Download miracl and unzip it in an empty directory like this;

unzip -j -aa -L miracl.zip

Then type;

bash linux

This will create an archive file "miracl.a". To see the large numbers in the point counting example below, instead of in exponential notation, change line 307 of big.cpp from;

if (e>=-2 && e<=2)

to;

if (e>=-7 && e<=7)

You also need to compile other classes;

g++ -c complex.cpp floating.cpp gf2m.cpp big.cpp poly2.cpp poly2xy.cpp poly.cpp polyxy.cpp monty.cpp

Then;

ar r miracl.a complex.o floating.o gf2m.o big.o poly2.o poly2xy.o poly.o polyxy.o monty.o


2. Point Counting over Fields of Chararacteristic 2 - Koblitz algorithm

points.cc is a program I wrote to calculate the number of points on the jacobian of a hyperelliptic curve of genus 2, over fields of characteristic 2. This is the method described by Koblitz.

To compile points.cc on *nix do the following;

g++ -I (miracl_path) points.cc miracl.a -o points

The curve itself is specified by the line; "equation = pow2Y(y,2) + pow2Y(y,1) + pow2X(x,5) + pow2X(x,3) + pow2X(x,1);", where equation is a Poly2XY instance.
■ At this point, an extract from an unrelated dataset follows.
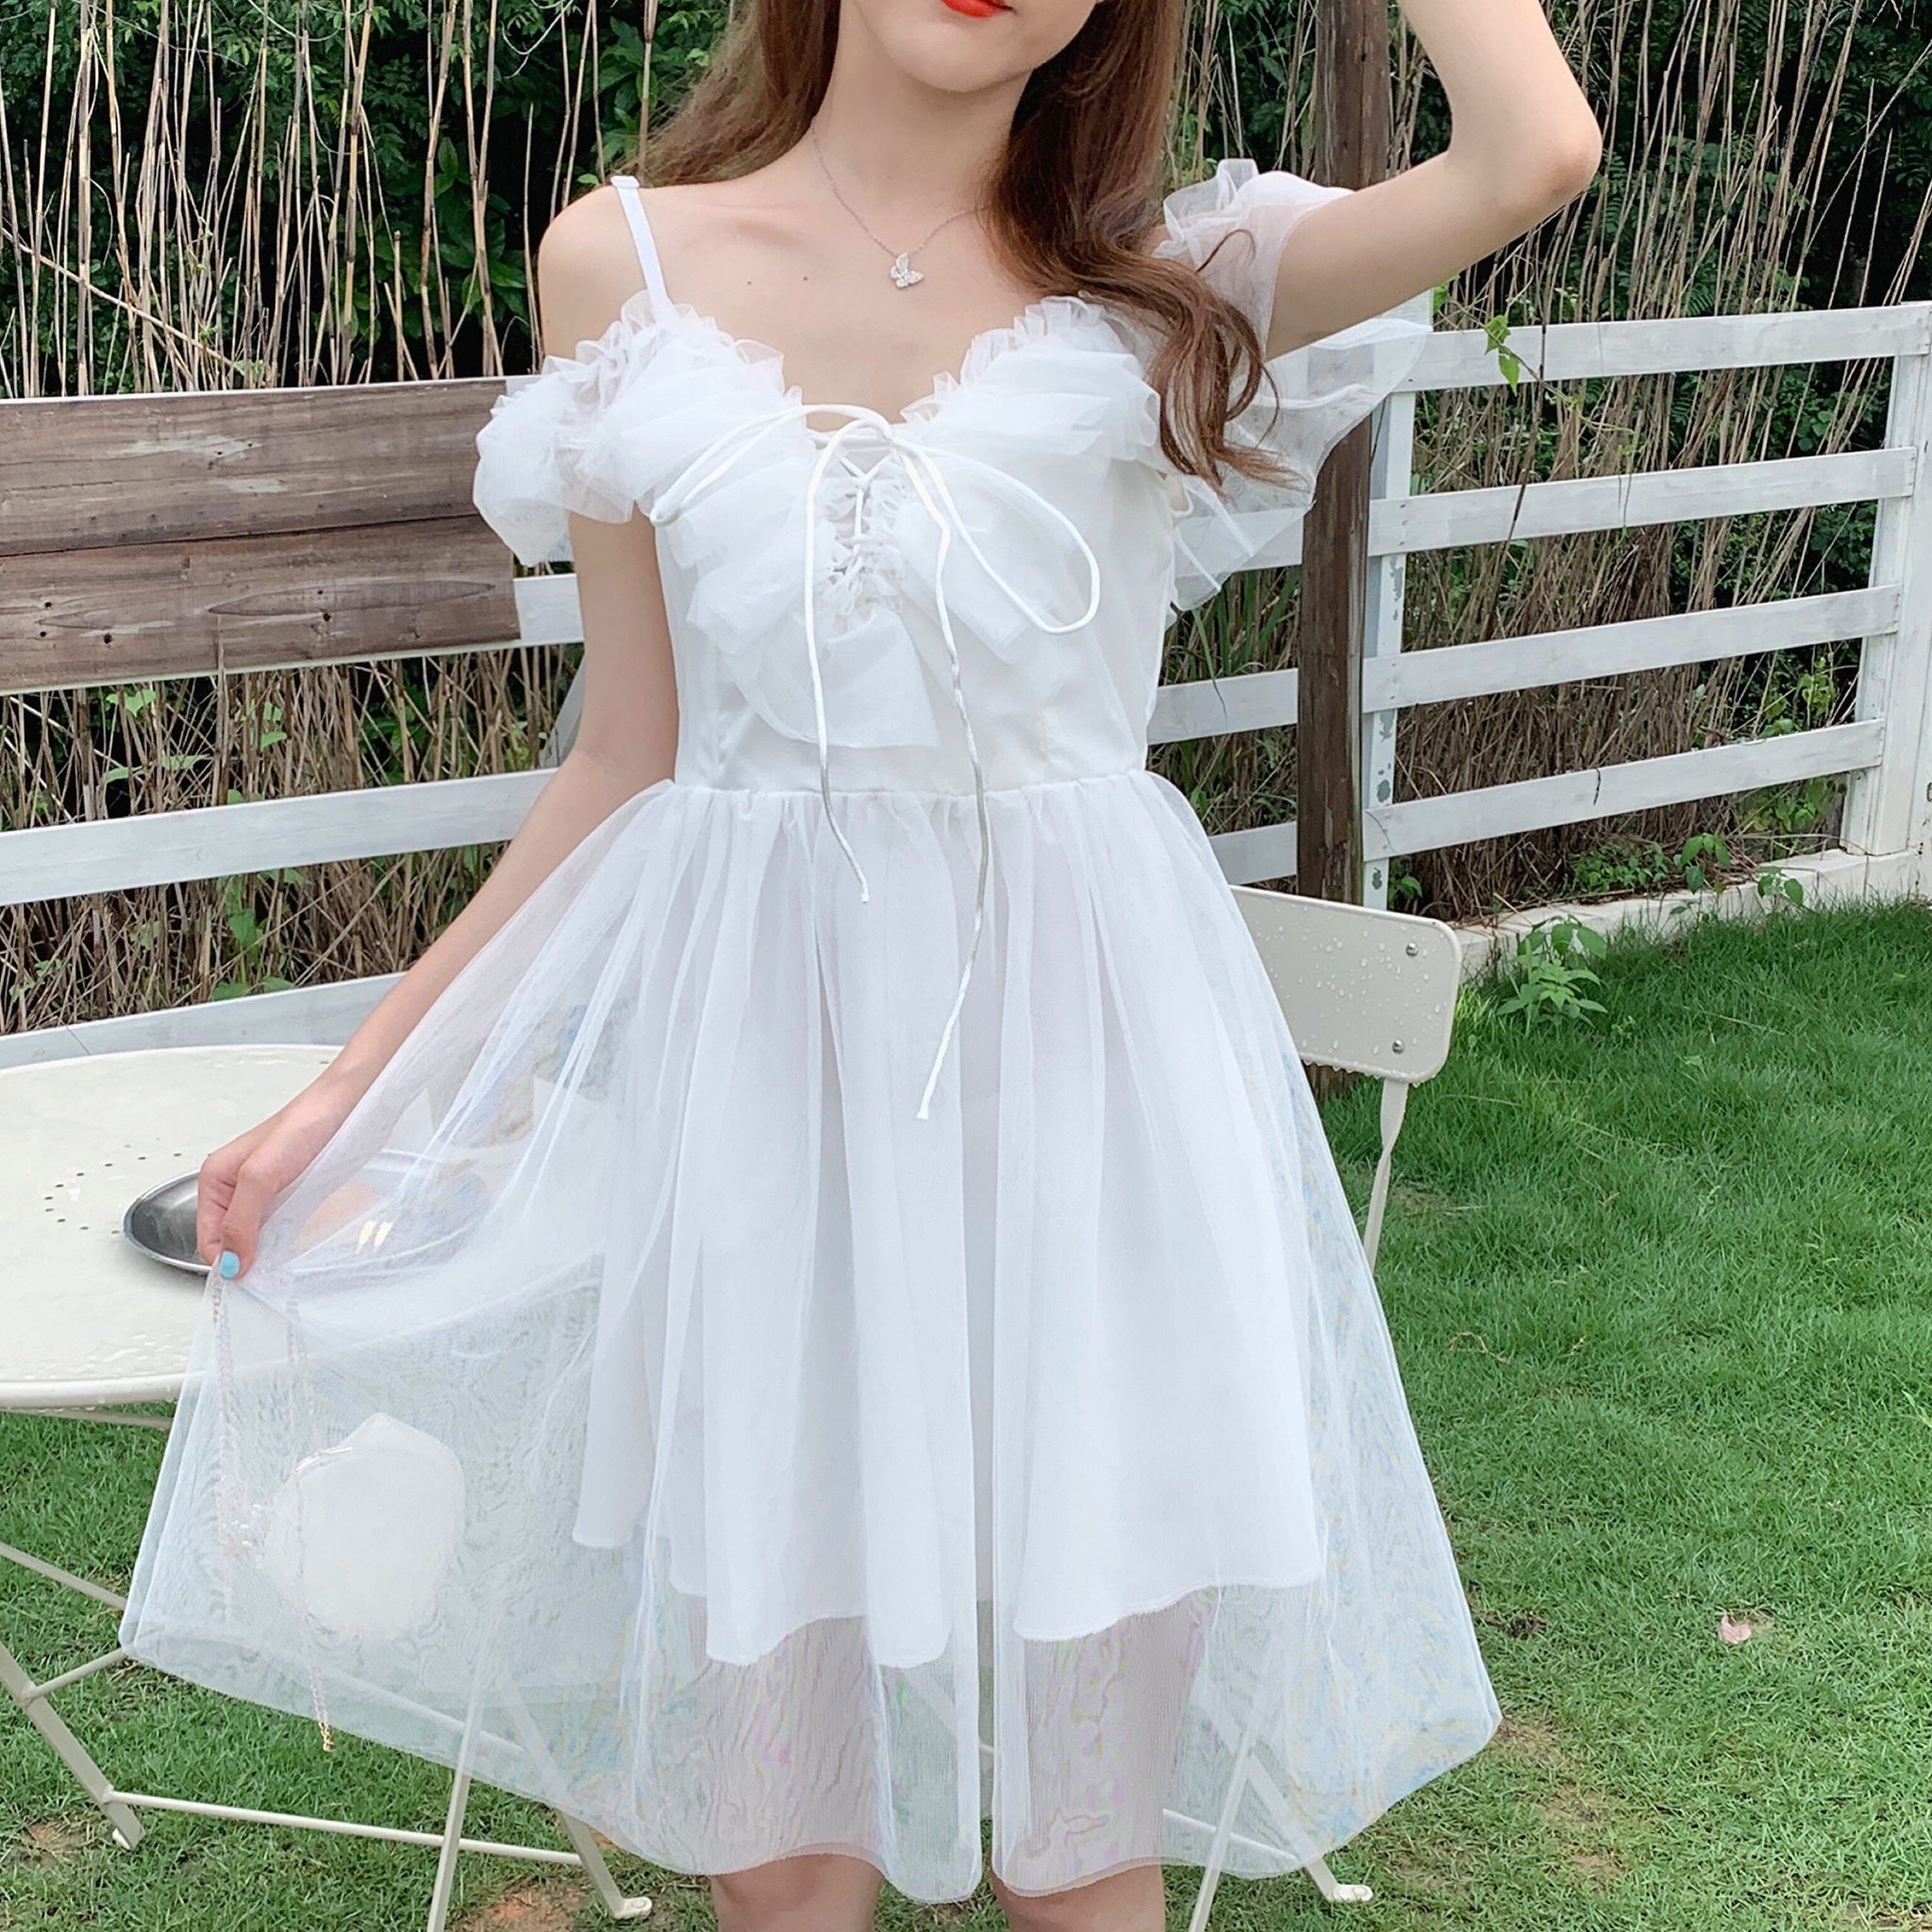 Short White Tulle Dress - Shop on Pinterest

Simply change this line to count points over different equations. Some other examples are included in comments in the code. The extension field is requested from the user while the program is running

Example (curve and extension field taken from Koblitz - page 149);

./points
Enter field extension(default = 2):
101
Curve: x^5 + x^3 + x + y^2 + y
Working mod: x^2 + x + 1
Points on Curve over field 2^1 = 3
Points on Curve over field 2^2 = 9
Points on the jacobian over F_{2^101}:
6427752177035961102167848369367185711289268433934164747616257

3. Point Counting over Fields of Chararacteristic 2 - Sakai and Sakurai's algorithm

points2.cc is a program I wrote to calculate the number of points on the jacobian of a hyperelliptic curve of arbitrary genus, over fields of characteristic 2. This algorithm was given in the paper "Design of Hyperelliptic Cryptosystems in Small Characteristic and a Software Implementation over F_{2^n} - Sakai and Sakurai".

My program handles curves up to genus 10, over fields of characteristic 2. To handle curves of higher genera, just add in the required irreducible polynomials. To handle fields of characteristic greater than 2, the irreducible polynomials have to be changed.
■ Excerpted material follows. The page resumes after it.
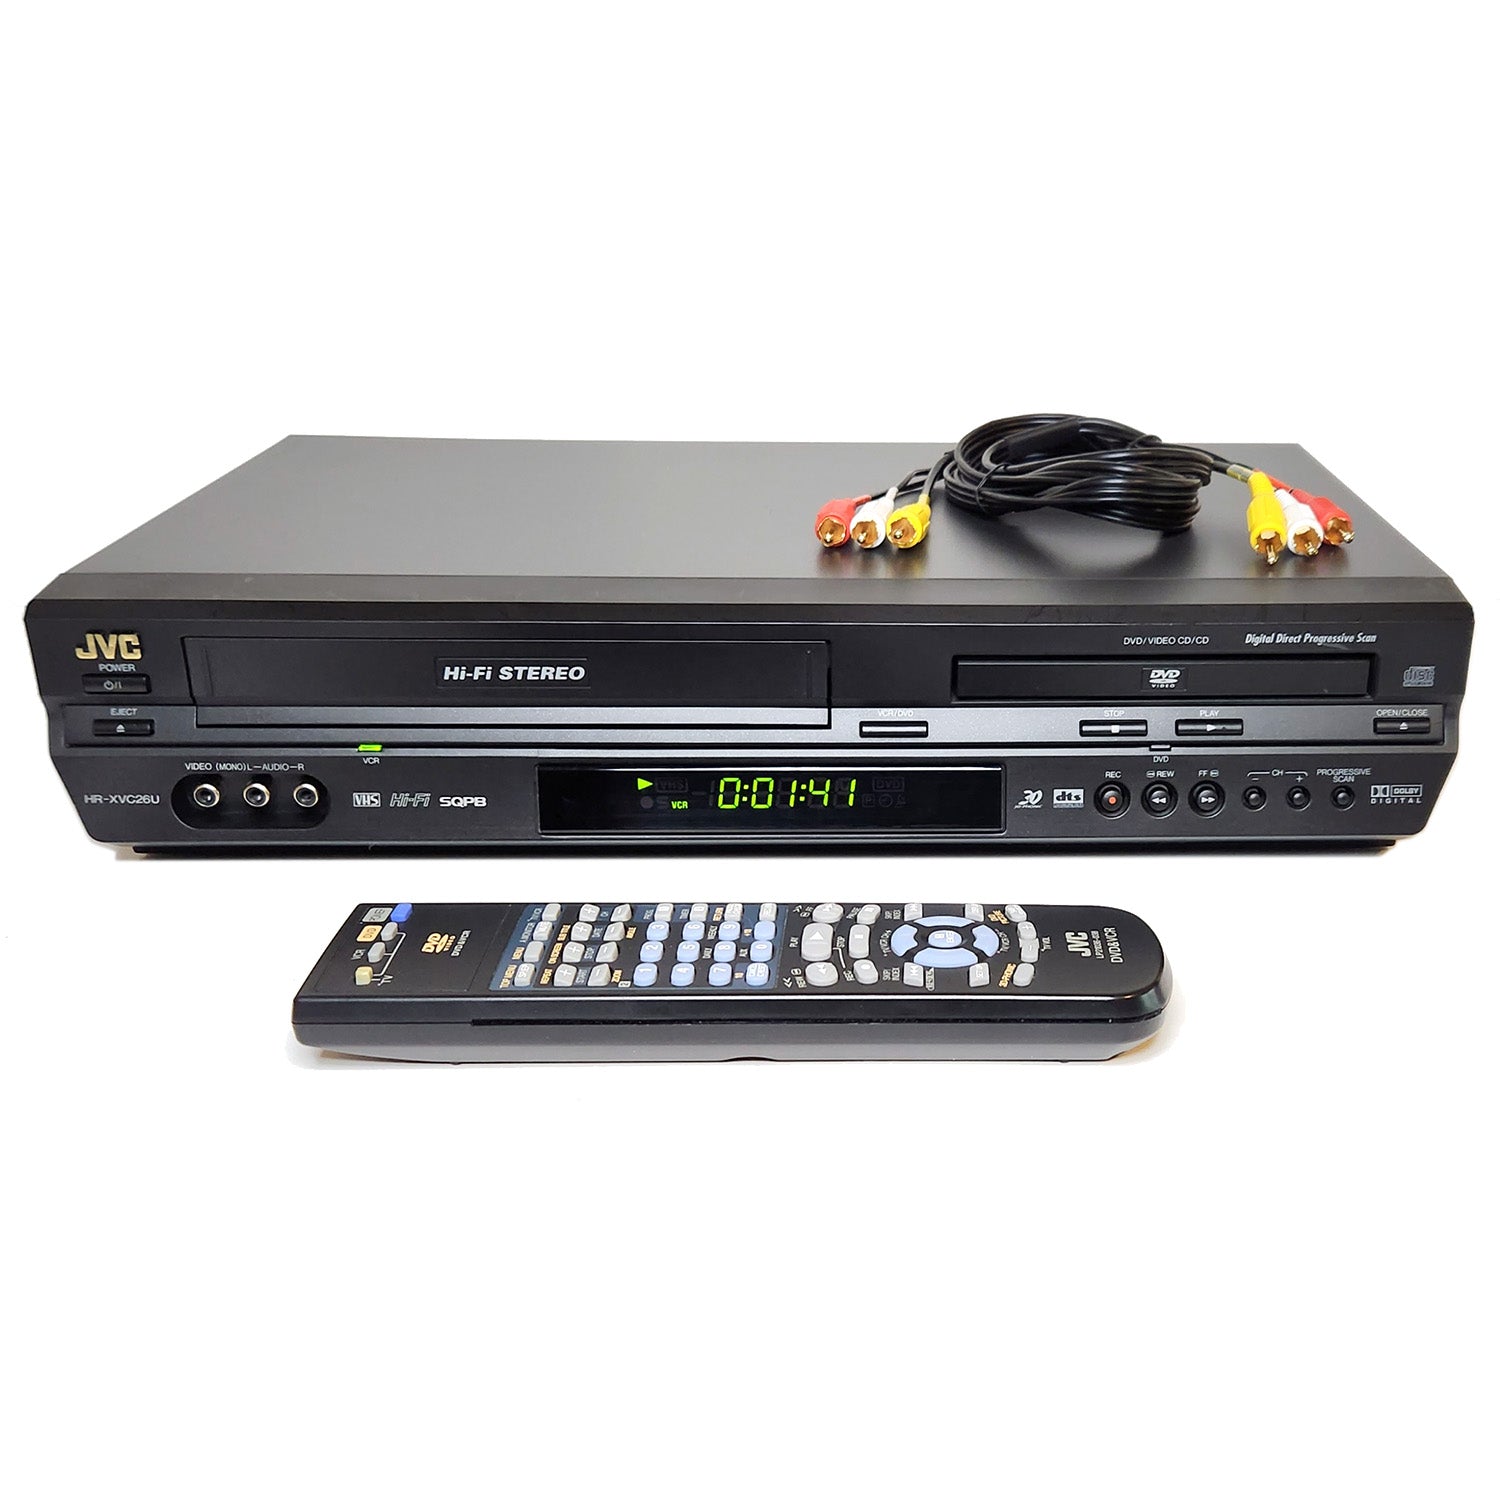 JVC HR-XVC26U VCR/DVD Player Combo

To compile points2.cc on *nix do the following;

g++ -I (miracl_path) points2.cc miracl.a -o points2

The curve itself is specified by the "equation" variable, where equation is a Poly2XY instance. 5 example curves are included in the code, ranging from genus 2 to genus 6; these curves are taken from the Sakai and Sakurai paper. If changing to a different genus curve, remember to change the "genus" integer to the required genus. The extension field is requested from the user while the program is running

Example (over field F_{2^{89}});

./points2
Enter field extension(default = 1):
89
Curve: x^5 + x^2.y + x.y + x + y^2 + y + 1
Points on Curve over field 2^1: = 1
Points on Curve over field 2^2: = 7
Points on the jacobian over F_{2^89}:
383123885216484912146996836504217327230624063025829938

4. Point Counting over Small Prime Fields using the Hasse-Witt matrix

hasse.cc is a program I wrote to calculate the number of points on the jacobian of a hyperelliptic curve of genus 2, over small prime fields.
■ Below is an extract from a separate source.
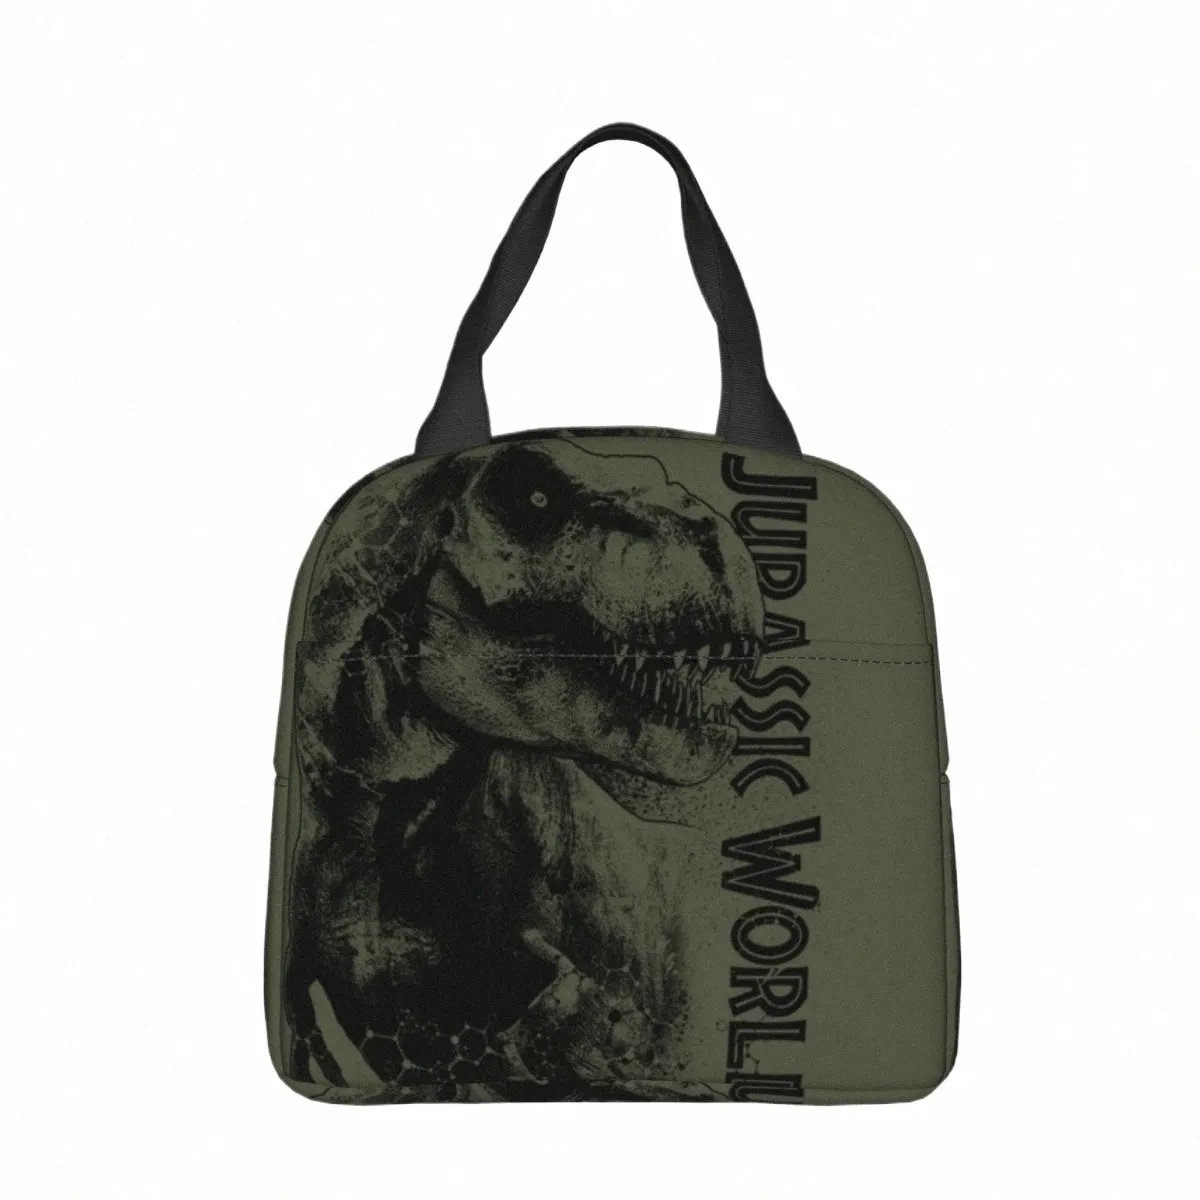 Jurassic Park On The Prowl Sac à lunch isolé étanche réutilisable sac isotherme fourre-tout boîte à lunch plage pique-nique hommes femmes w9rU #

This program will handle any prime field that will fit in a c++ "int". There is no point supporting larger prime fields, as the algorithm is too inefficient.

To compile hasse.cc on *nix do the following;

g++ -I (miracl_path) hasse.cc Point.o Divisor.o Cantor.o poly_div.o miracl.a -o hasse

The curve itself is specified by the "f" variable, which is the polynomial f(x) in "y^2 = f(x)". Up to 5 possible group orders may be computed depending on the curve and the field.

Example (over field F_{131});

./hasse
Curve: y^2 = x^5 + 3*x
Prime Field: 131
s1: 0
s2: -62
The order of the jacobian is one of the following:
L: 17100
L: 17362
Checking each possible group order...
u1: x - 41
v1: - 29
The order is: 17100

5. Furukawa, Kawazoe, Takahashi Point Counting method

furukawa.cc is a program I wrote to calculate the number of points on the jacobian of a hyperelliptic curve of genus 2, of the form y^2 = x^5 + ax, a in F_p, p a prime and congruent to 1 (mod 8), and the jacobi symbol (a/p) = -1.

This is the algorithm described in the paper "Counting Points for Hyperelliptic Curves of type $y^2=x^5+ax$ over Finite Prime Fields" by Eisaku Furukawa and Mitsuru Kawazoe and Tetsuya Takahashi. (http://eprint.iacr.org/2002/181.pdf) - p. 11/12

To compile furukawa.cc on *nix do the following;

g++ -I (miracl_path) furukawa.cc Point.o Divisor.o Cantor.o poly_div.o miracl.a -o furukawa

Up to 3 possible group orders may be computed depending on the curve and the field. The correct group order is calculated by generating a random divisor on the curve and multiplying it in turn by each group order, to find out which one gives the identity element of the jacobian.

Example (over field F_{1208925819614629175095961}, y^2 = x^5 + 3x);

./furukawa
p: 1208925819614629175095961
c: 919996162953
d: 425753966374
s1: -1703015865496
t: 241205699450915806567047
The order of the jacobian is: 1461501637332961738997140052922587693332824903682

I have implemented a variant of the above method in the file "furukawa_var.cc", which uses an explicit formula to speed up the computation. This formula was published in the paper "Suitable Curves for Genus-4 HCC over Prime Fields: Point Counting Formulae for Hyperelliptic Curves of type y^2 = x^(2k+1) + ax" by Haneda, Kawazoe and Takahasi.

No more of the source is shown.